Hubo un tiempo, no hace mucho, en el que seguir la Teología de la Liberación era llevar la lápida colgada (aún hoy quedan estertores de discriminación, porque los seguidores también fueron muertos, acorralados, desaparecidos e invisibilizados).
Al sacerdote salvadoreño Octavio Ortiz no solo lo degollaron por evangelizar y educar en sectores vulnerables, de extrema pobreza, sino que para detener semejante labor insurrecta, contraria a lo que Dios manda -"siempre tendrán pobres"-, le pasaron la rueda de un tanque de guerra por el rostro.
Esas historias que nadie cuenta para las que se secó de repente la tinta de grandes medios escritos, los únicos que podían narrar lo que sucedía por allá de los años 60 a los 80, son calificadas hoy como desvaríos de personas poco influyentes. Sin embargo, influyente sí era el arzobispo de San Salvador, Arnulfo Romero, por oponerse al paramilitarismo que apoyaba al dictador Carlos Humberto Romero Mena.

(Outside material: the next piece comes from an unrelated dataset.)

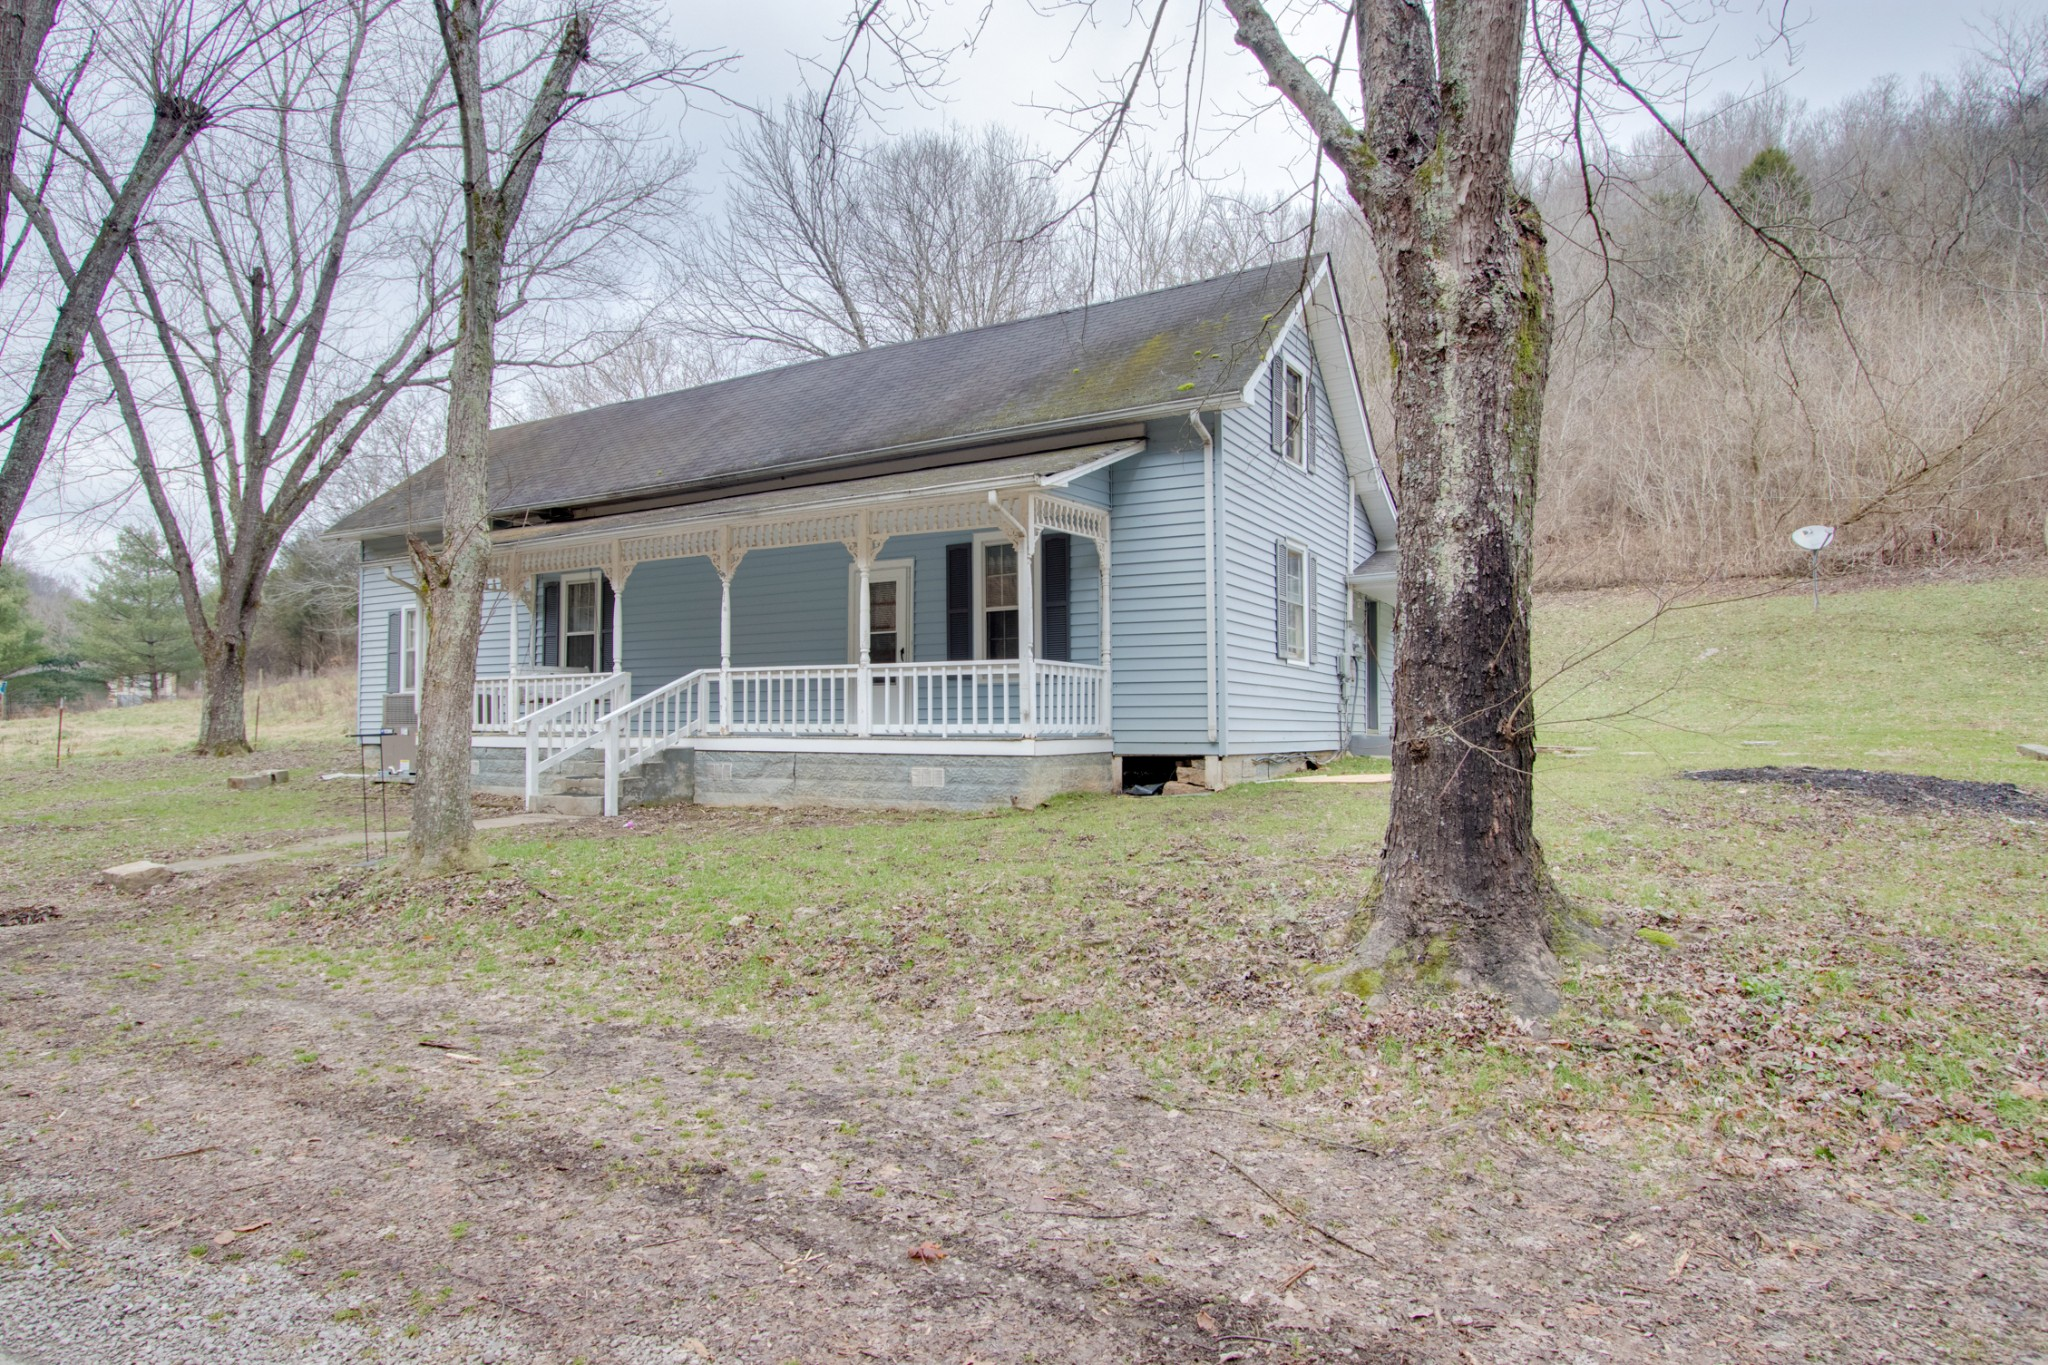 86 Dog Branch Rd, S, Pleasant Shade, TN 37145 - Pleasant Shade, TN real estate listing
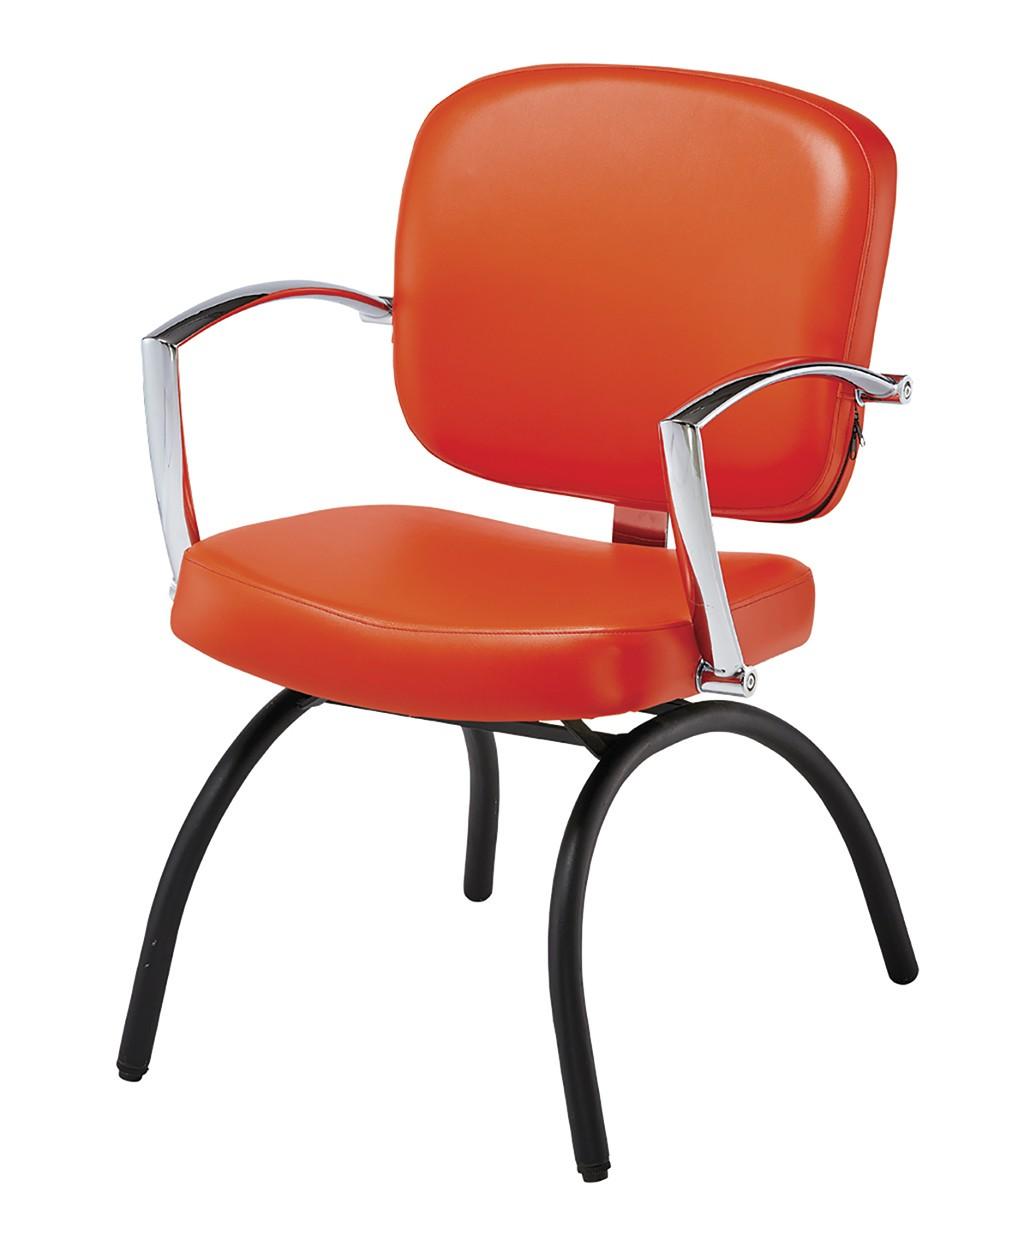 Pibbs 3720 Pisa Reception Chair

Llegaron al extremo de asesinar al jerarca eclesiástico mientras oficiaba una misa el 24 de marzo de 1980. Dice la misma Biblia: "El que tenga oídos que oiga", pero eso es lo que ha dejado de hacer el católico común y corriente. Se le olvidó que si bien le hicieron una promesa, un cheque en blanco para la próxima vida, tiene que vivir primero esta.
Eminentes teólogos de Centroamérica se opusieron a la apertura del proceso de beatificación y canonización de Juan Pablo II por haber humillado a Romero. Ellos sí tienen memoria, porque ese santo súbito que tanto reclamaron una inmensidad de sotanas y cómodos europeos -que ni tienen idea de lo que sucedió en América Latina-, con su desprecio les sirvió a los asesinos en bandeja de plata al arzobispo.
Lo hizo cuando le recomendó que tenía que tender puentes con la dictadura, lo que equivalía a estar de su lado, en medio de las atrocidades de un conflicto que desangró a El Salvador. Aún cuando sabía que la dictadura de Romero Mena auspiciaba el asesinato de sacerdotes. Un juego que no quiso jugar el arzobispo, quien con una desafiante carta al gobierno de Estados Unidos le pidió suspender la ayuda militar a su país por los motivos que todos los que estaban atentos sí conocían: esas armas mataban civiles inocentes en vez de guerrilleros.
El santo súbito fue elevado a los altares en tiempo récord, mientras que la sordera durante su papado fue una constante frente al asesinato no solo del arzobispo Romero sino de varios sacerdotes bajo la consigna paraestatal: "Haz patria mata un cura".